In the current study, we evaluated a simple and highly accurate sarcopenia screening method for identifying sarcopenia in older adults by applying a neural network to analyze raw data from the BIA. Our results indicated that a high degree of accuracy for predicting sarcopenia was achieved using a straightforward measurement approach (AUC = 0.96). The average age of the study participants was 73.7 ± 5.2 years, and the number of participants with sarcopenia according to the AWGS 2019 criteria was 21 (3.3%) in Dataset 1 and 24 (3.7%) in Dataset 2. In a previous study of a similar population (average age: 74.1 years), the prevalence of sarcopenia according to the AWGS 2019 criteria was 6.6% [34]. The prediction accuracy was also confirmed to be sufficient, even in populations with few sarcopenia cases. Its portability, minimal space requirements, and lack of need for specialized training—allowing a single operator to perform the measurement—make it a promising screening tool. Moreover, since BIA is employed not only for sarcopenia screening but also for routine health management, it represents a highly versatile approach.

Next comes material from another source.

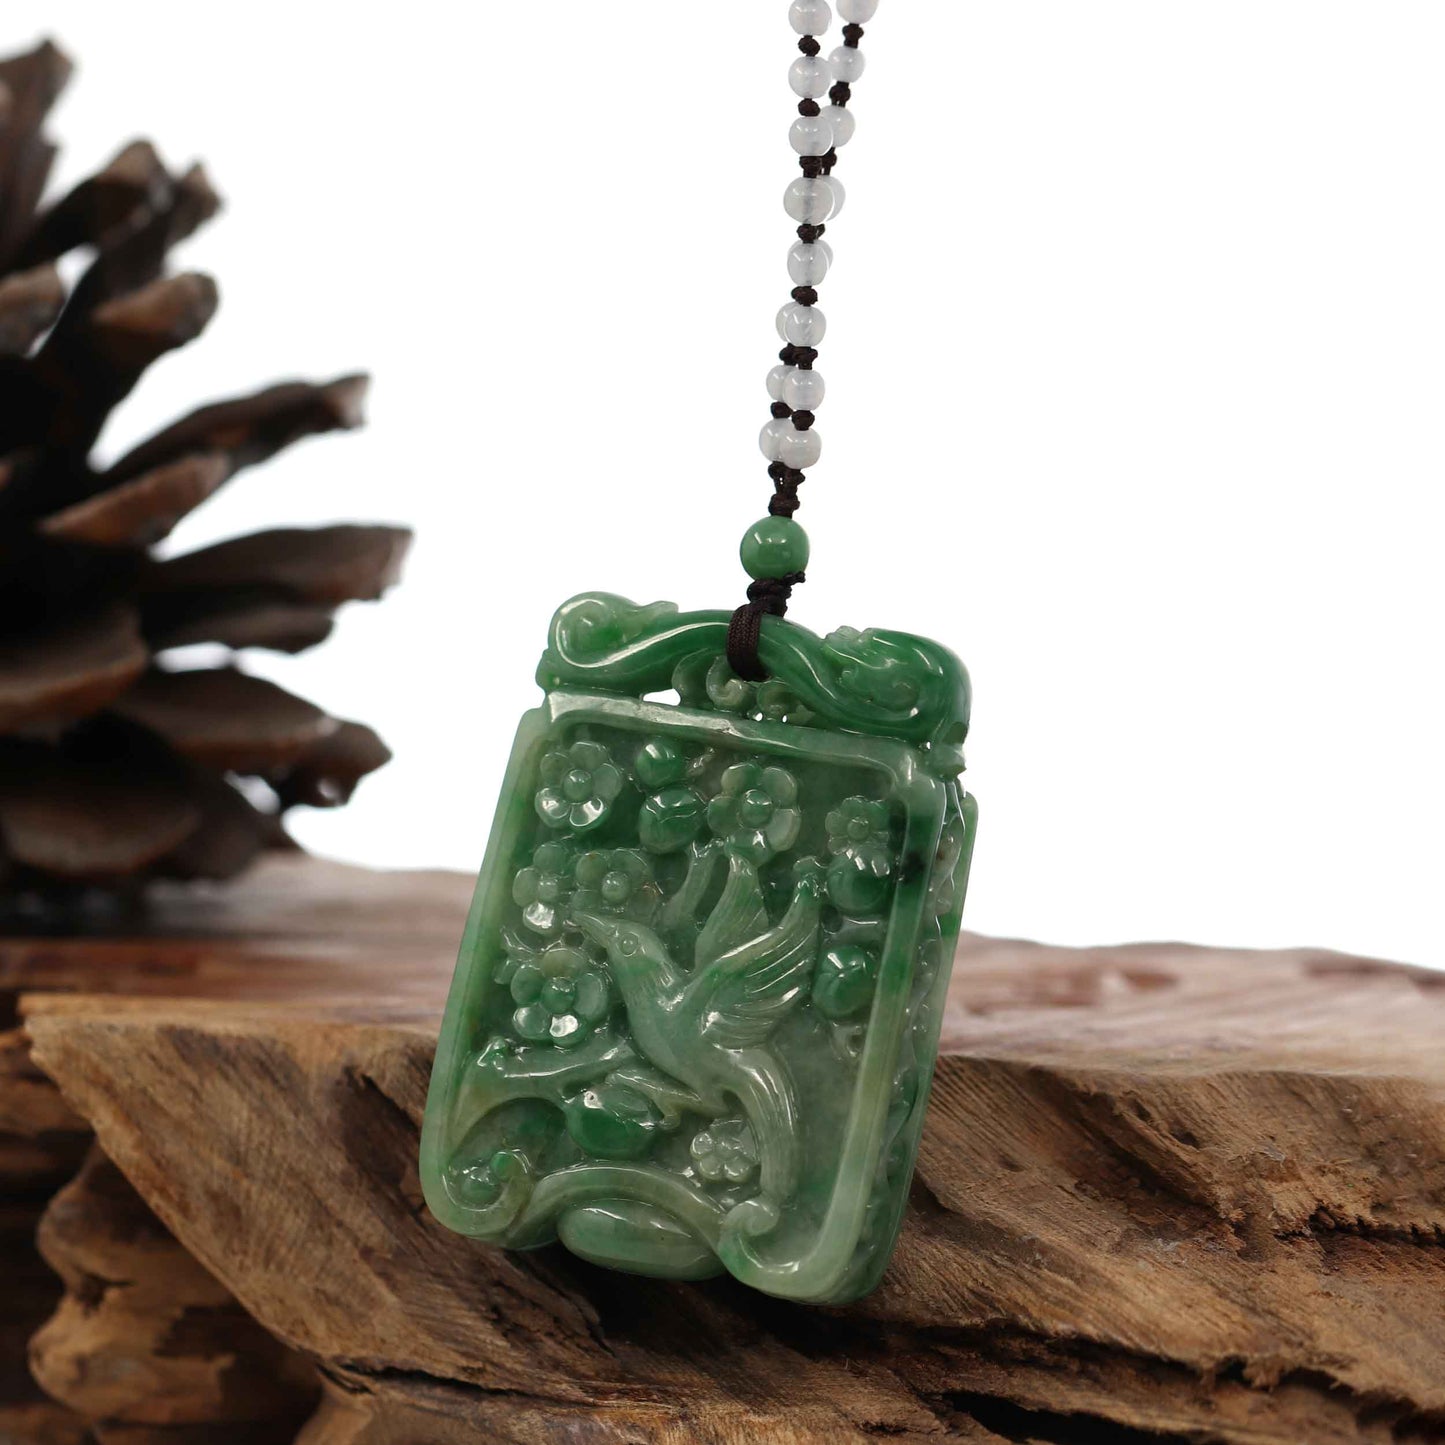 Genuine Green Jadeite Jade "Lucky Bird on Branch" Pendant Necklace With Real Jadeite jade Beads Necklace

To date, the most prevalent screening method has been the use of questionnaires such as the SARC-F [12]. While this method is simple, it has low sensitivity [35]. Owing to the limitations of screening questionnaires, various screening methods that utilize objective indicators have been developed, such as the method that uses the calf circumference (AUC: 0.817, 95% CI: 0.74–0.89) [36] and the method that uses age, grip strength, and calf circumference (AUC: 0.94, 95% CI: 0.92–0.96 for men and AUC: 0.91, 95% CI: 0.89–0.93 for women) [13]. These methods show good accuracy but are limited by the need for a specialist measurer. The results of this study not only suggest the possibility of developing space-saving screening methods but also indicate the simplicity of being able to perform measurements by oneself just by getting on the BIA device with high accuracy. Moreover, outperforming the sarcopenia prediction accuracy using PhA was confirmed—a primary BIA parameter (AUC: 0.718, 95% CI: 0.652–0.784 in men and AUC: 0.721, 95% CI: 0.669–0.773 in women) [20]. It was suggested that leveraging multiple BIA parameters could further enhance accuracy. However, the PPV of the created model in this study was low compared to that in previous studies, which is thought to be attributable to the low number of sarcopenia cases among the participants of this study and several false-positive judgments. Therefore, as a sensitivity analysis, we compared the performance tests between positive and negative predictors. The positive predictors performed significantly worse than the negative predictors in the performance test, suggesting that the model is useful for screening high-risk individuals. Since even false-positive cases tended to exhibit poorer SMI and worse performance on physical function tests, a high false-positive rate may nevertheless strain healthcare resources; therefore, further improvements in specificity and overall accuracy are warranted.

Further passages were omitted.